The spread is back to pre-crisis levels, when inflation expectation was running between 2% and 3%.  Looked in isolation, all appears normal.

However, the straight bond's yield is somewhat low. The 10 year bond yield is a little over 3% right now. Since bond investors are extremely sensitive to inflation—coupon is fixed in most cases and bond holders get hurt badly if inflation rises—it does indicate that many market participants aren't too concerned with inflation.

Ignoring the crisis period, the last time the 10 year bond yield came close to the 3% level was in 2003. As some of you may recall, that's when we had the last big deflation scare, which culminated with the FedRes cutting rates to 40-year lows and Ben Bernanke publishing his "helicopter" speech on how to battle deflation. Ironically, the strategies and tactics laid out by Bernanke wasn't used in 2003, when many were expectating deflation; and instead, was put to good use when almost no one was expecting deflation in 2008.

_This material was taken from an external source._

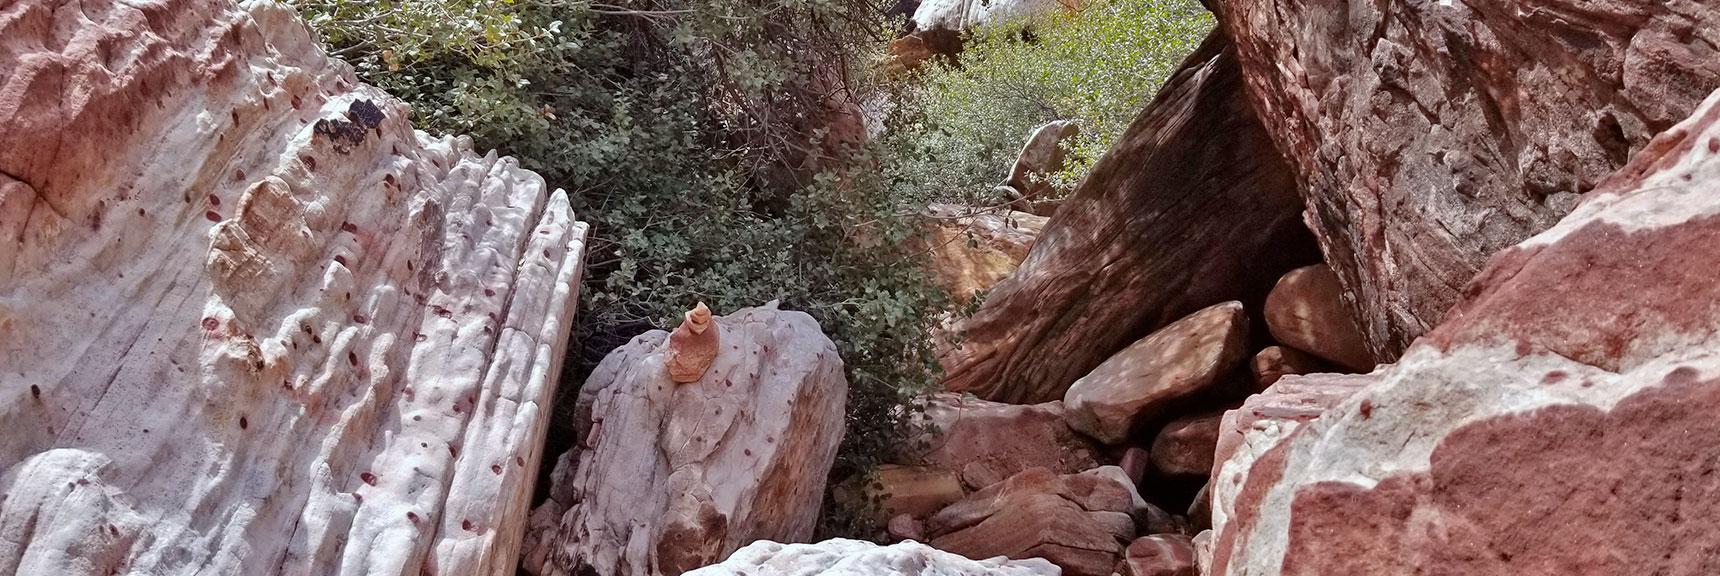 Boulders Along a Route Up Juniper Peak, Rainbow Mountain Wilderness, Nevada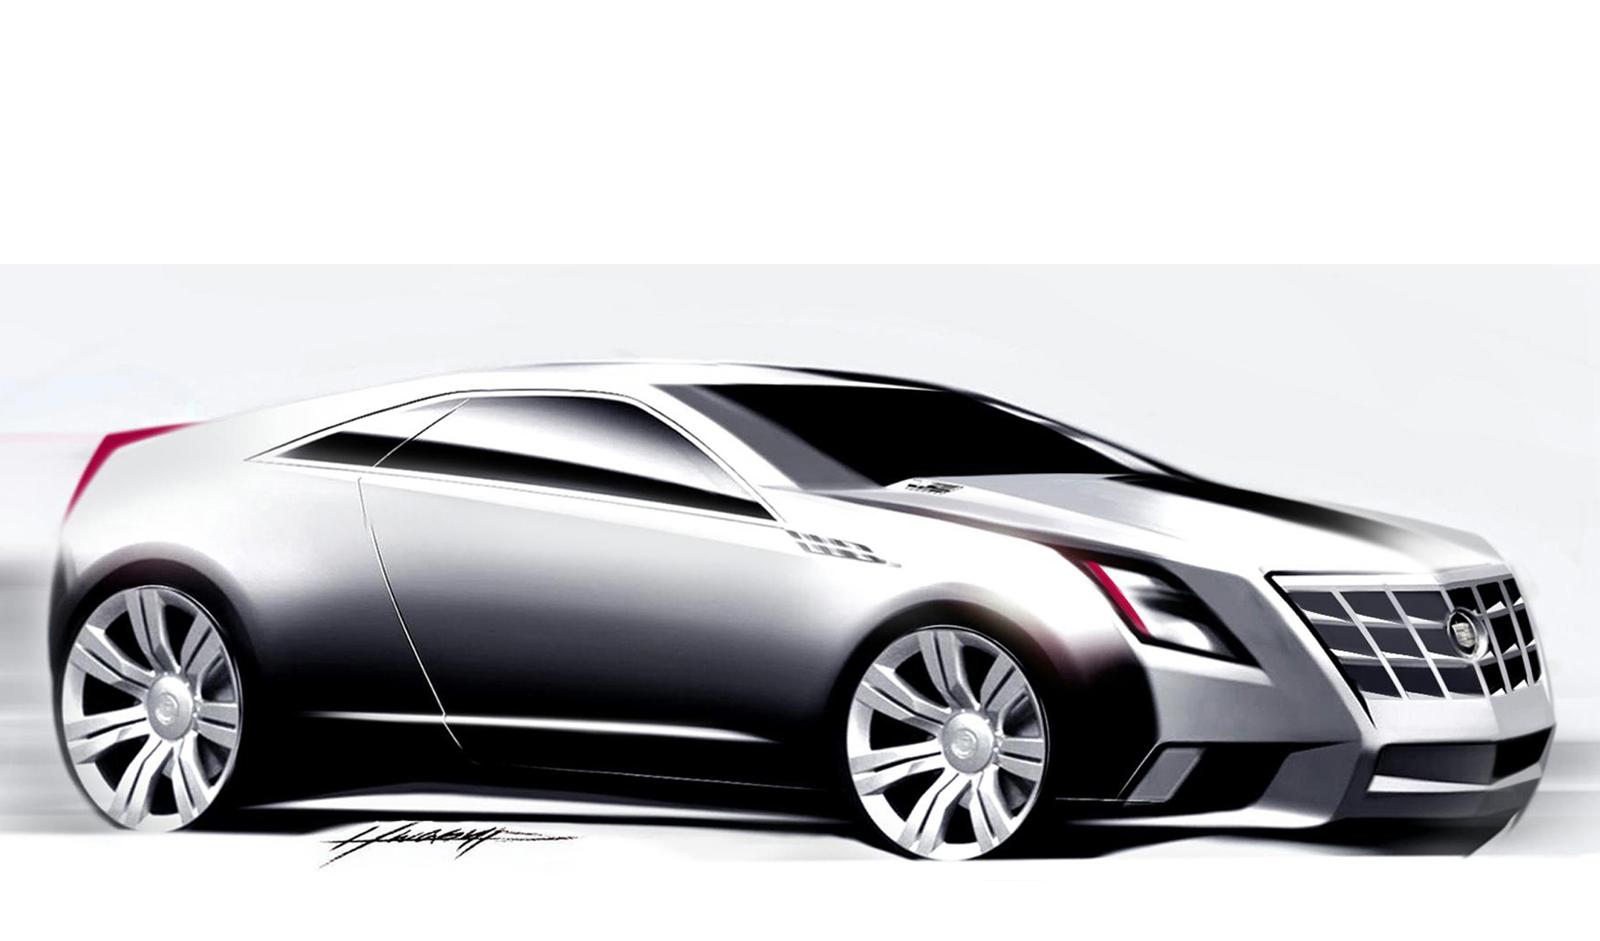 Cadillac Cts Cts V Faq 2009 Ctc Coupe Information

The 2003 deflation scare looks like to have been a misdiagnosis but it's really hard to say. Bernanke's well-received speech, along with Greenspan's strategies, did raise inflation expectations so it's hard to say if they actually avoided the deflationary forces or not.

Anyway, coming to the present, it'll be interesting to see what bond investors do here. A real return of 1% (say 10 year bond yield of 3% and inflation of 2%) is a very low return from a historical point of view. Although wrong for many months now, I'm maintaining my deflationary bias and hence expect the TIP bond yield (i.e. inflation expectation) to fall.